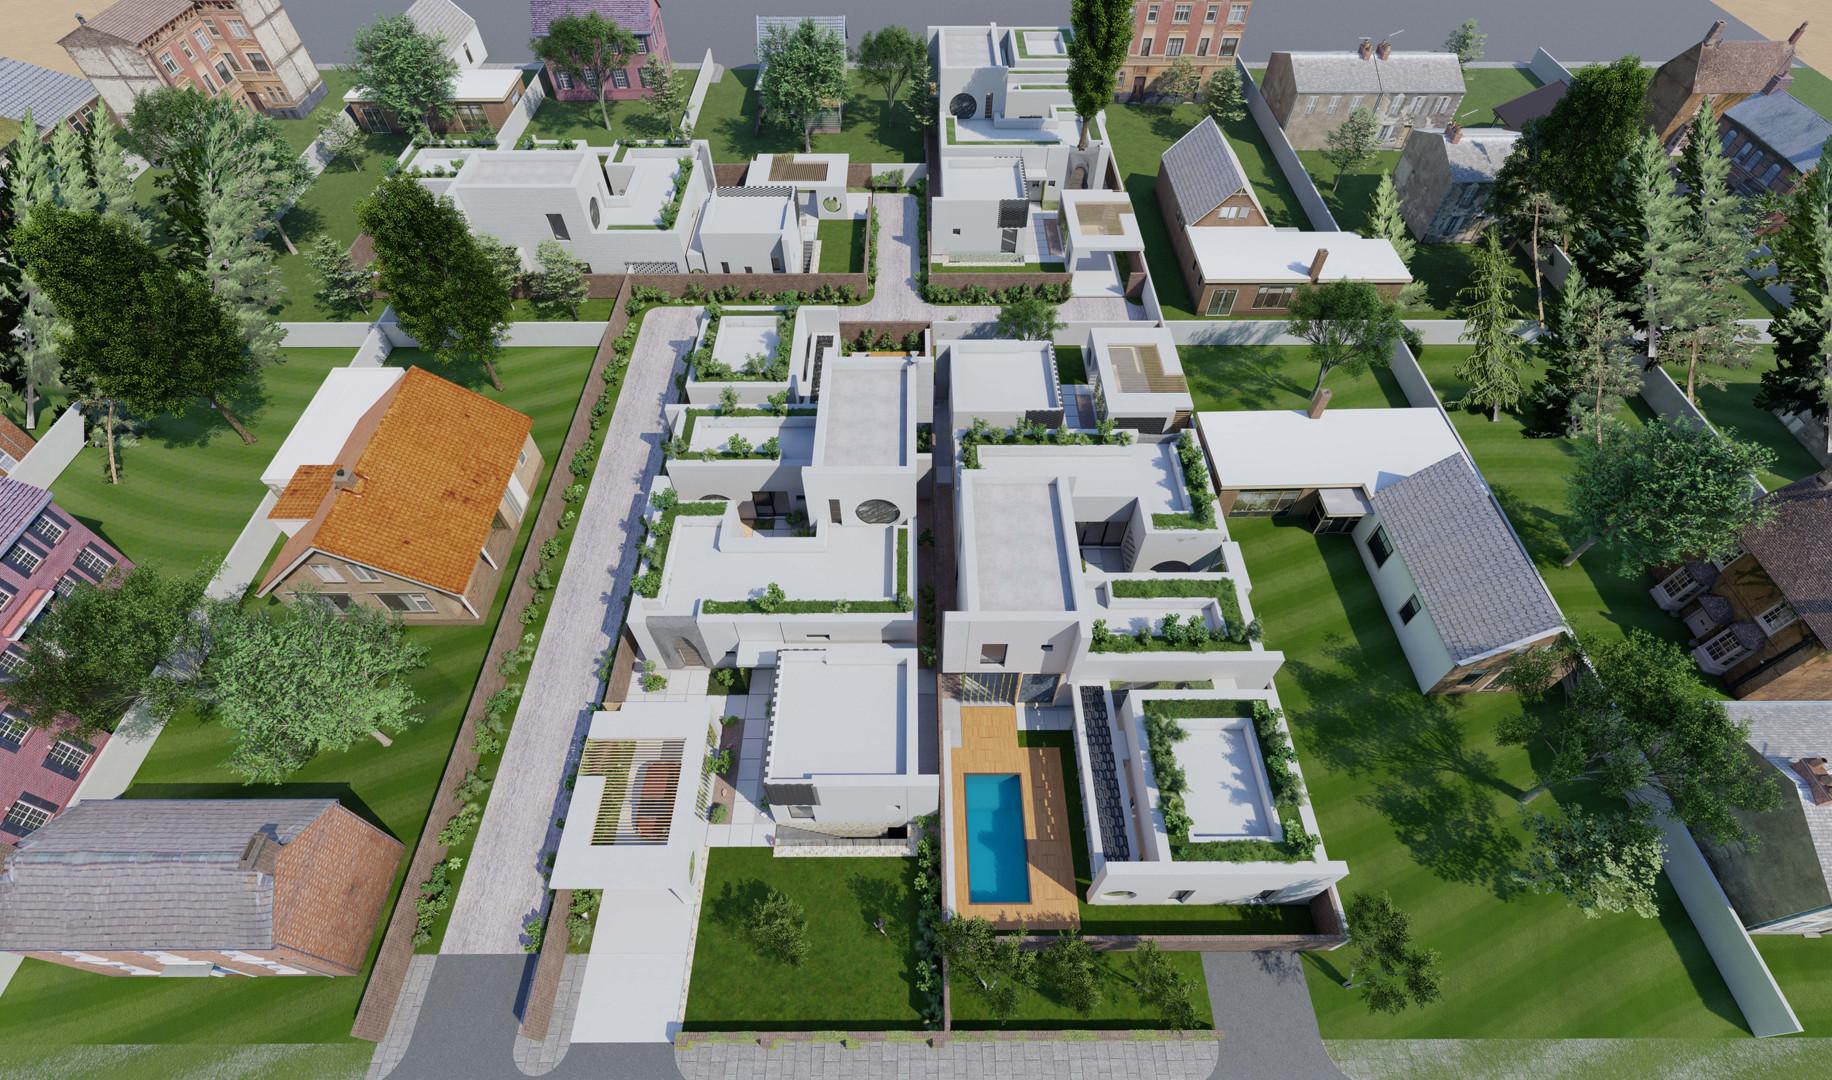 4 Houses Aerial
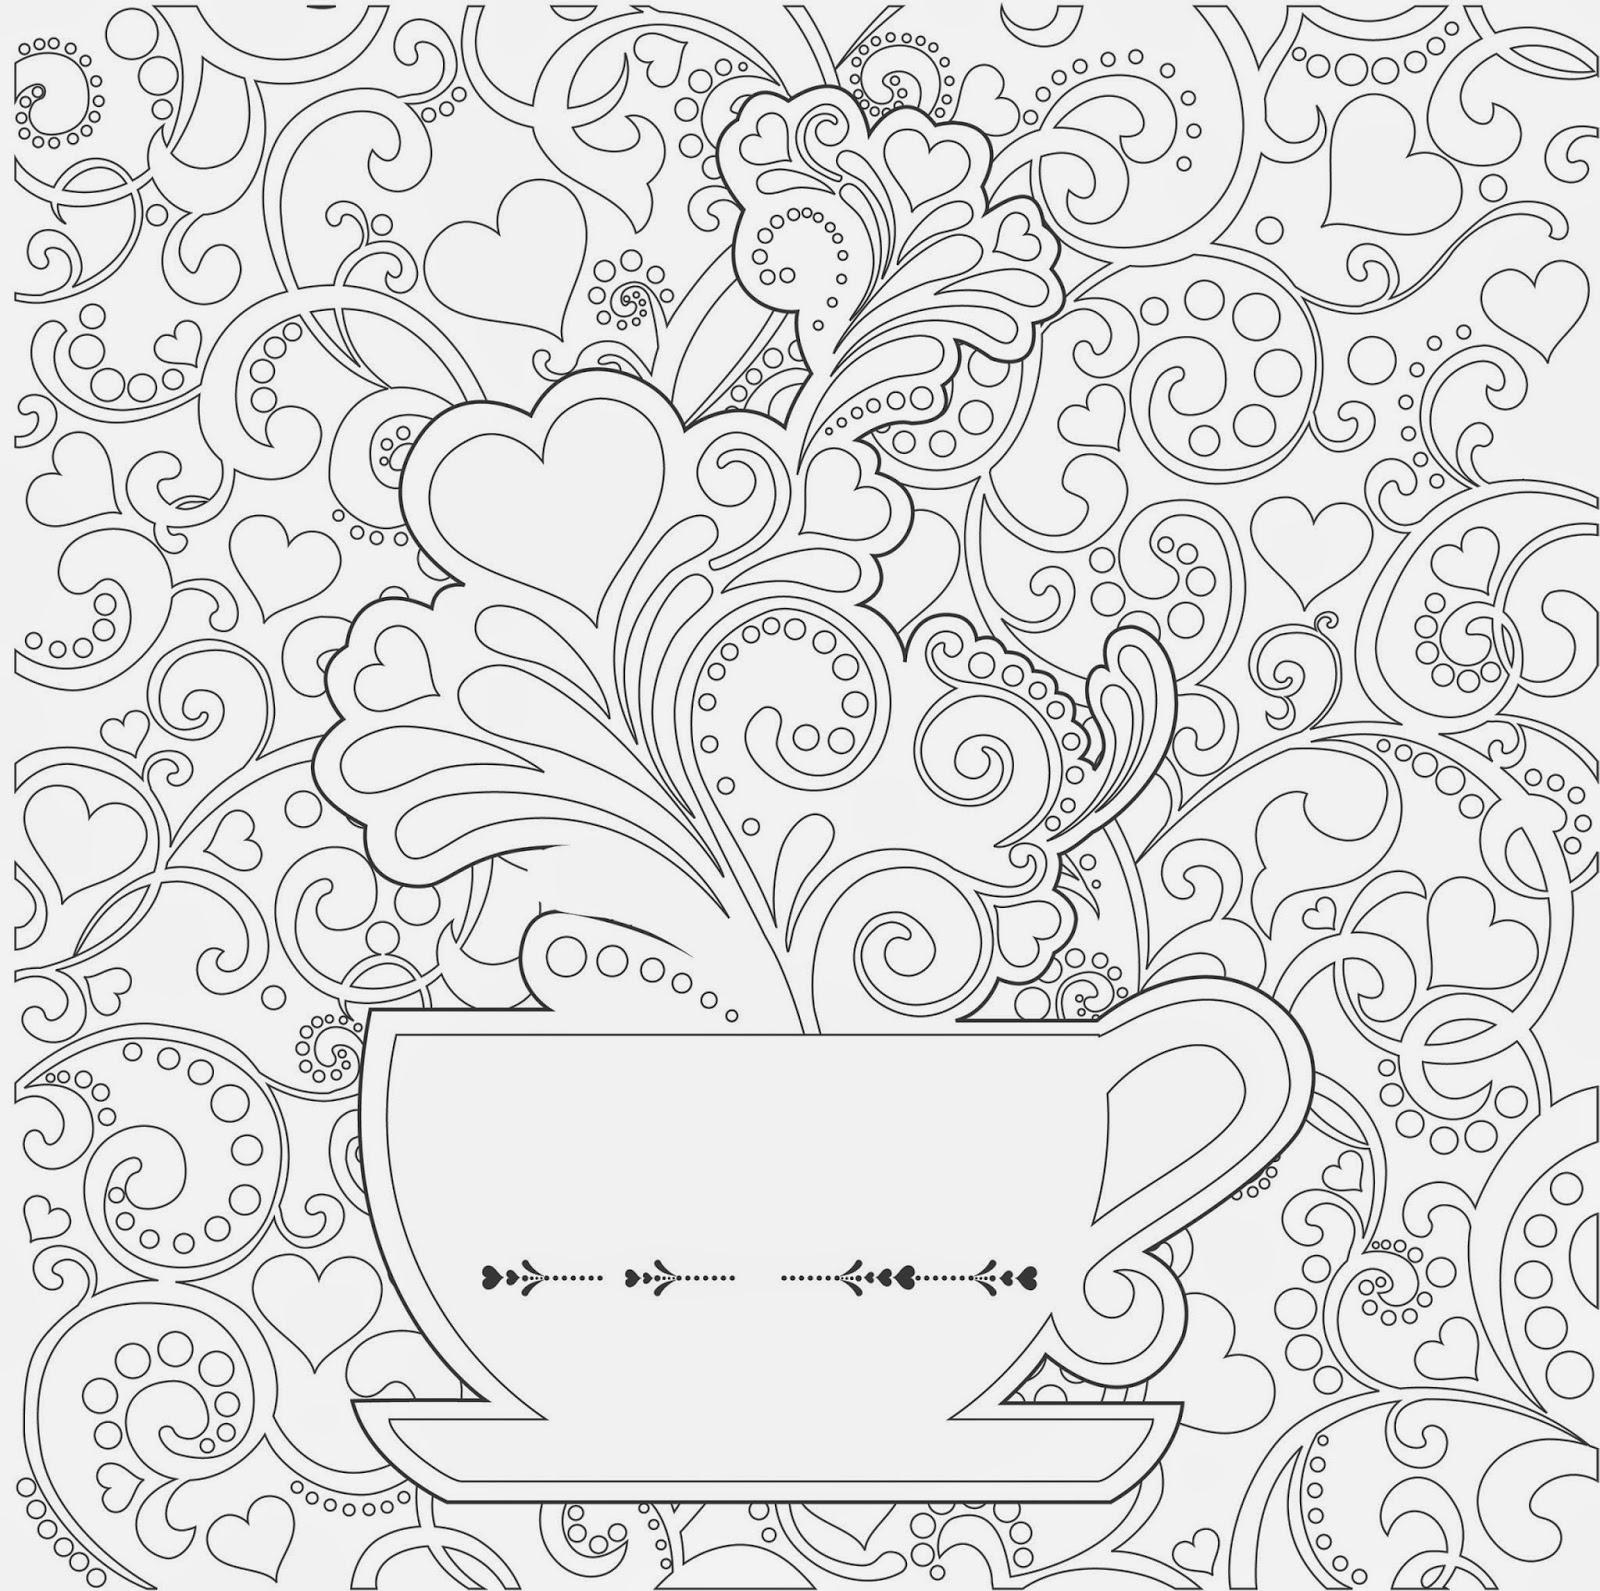 Kleurplaat Voor Volwassenen Printen Love Antystresowe Kolorowanki Z Tobą Mi Lżej
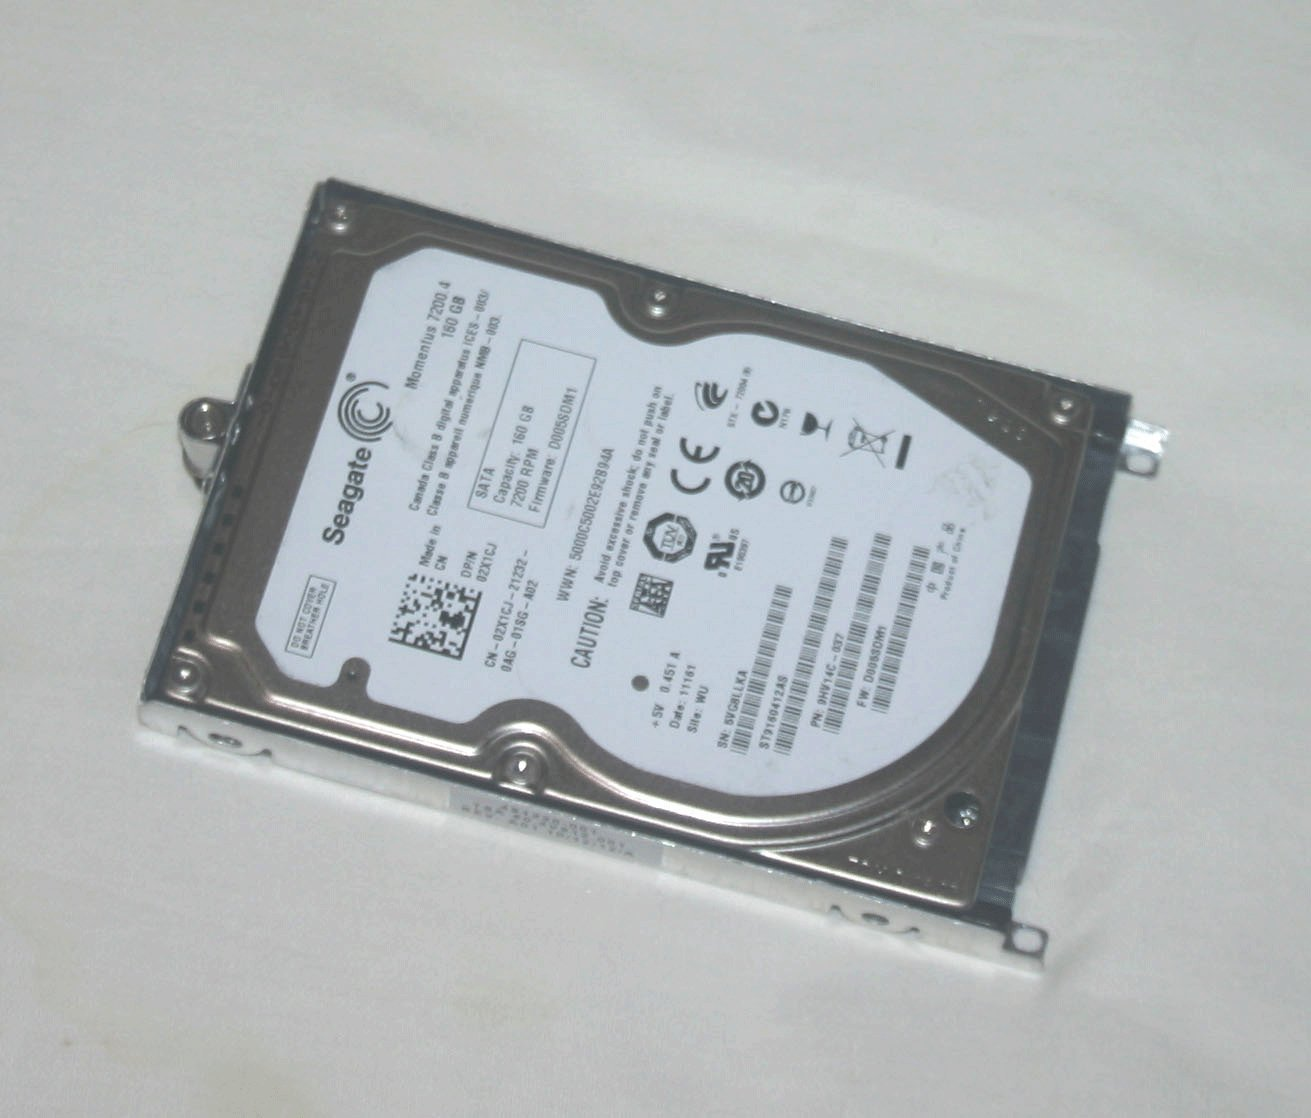 HP Compaq nx6310 Notebook Seagate HDD Driver (2019)
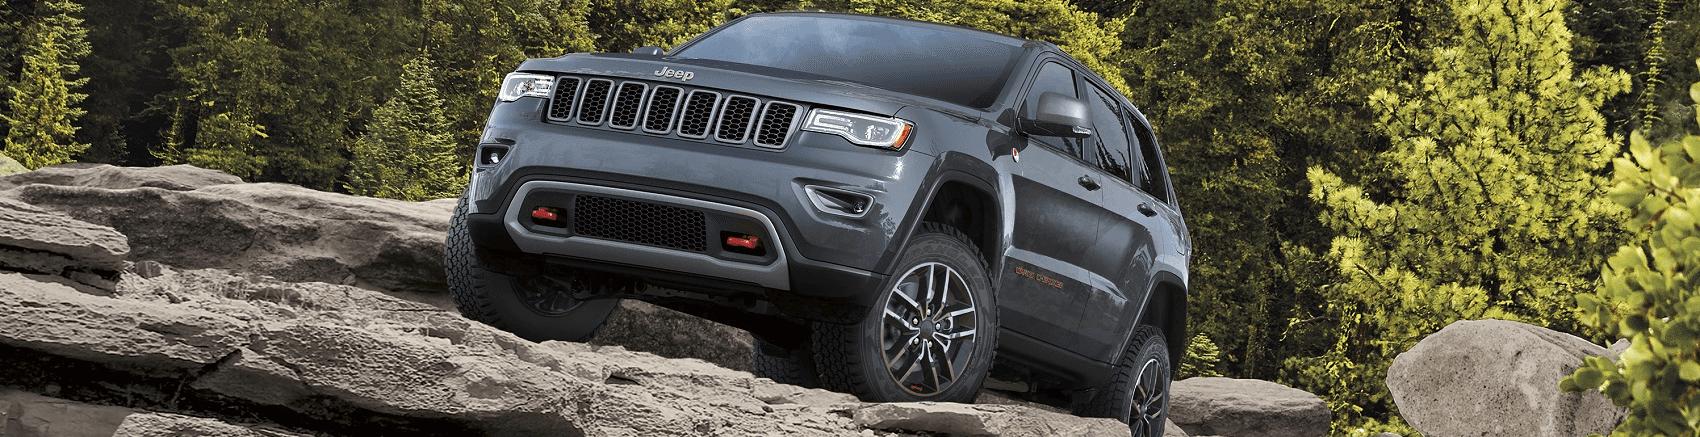 Jeep Grand Cherokee Model

== WHAT IS BEING ASKED ==
When you repeat the lines above, keep them exact and leave out each image they contain.

== YOUR SOLUTION ==
 4 Houses Aerial
 Kleurplaat Voor Volwassenen Printen Love Antystresowe Kolorowanki Z Tobą Mi Lżej
 HP Compaq nx6310 Notebook Seagate HDD Driver (2019)
 Jeep Grand Cherokee Model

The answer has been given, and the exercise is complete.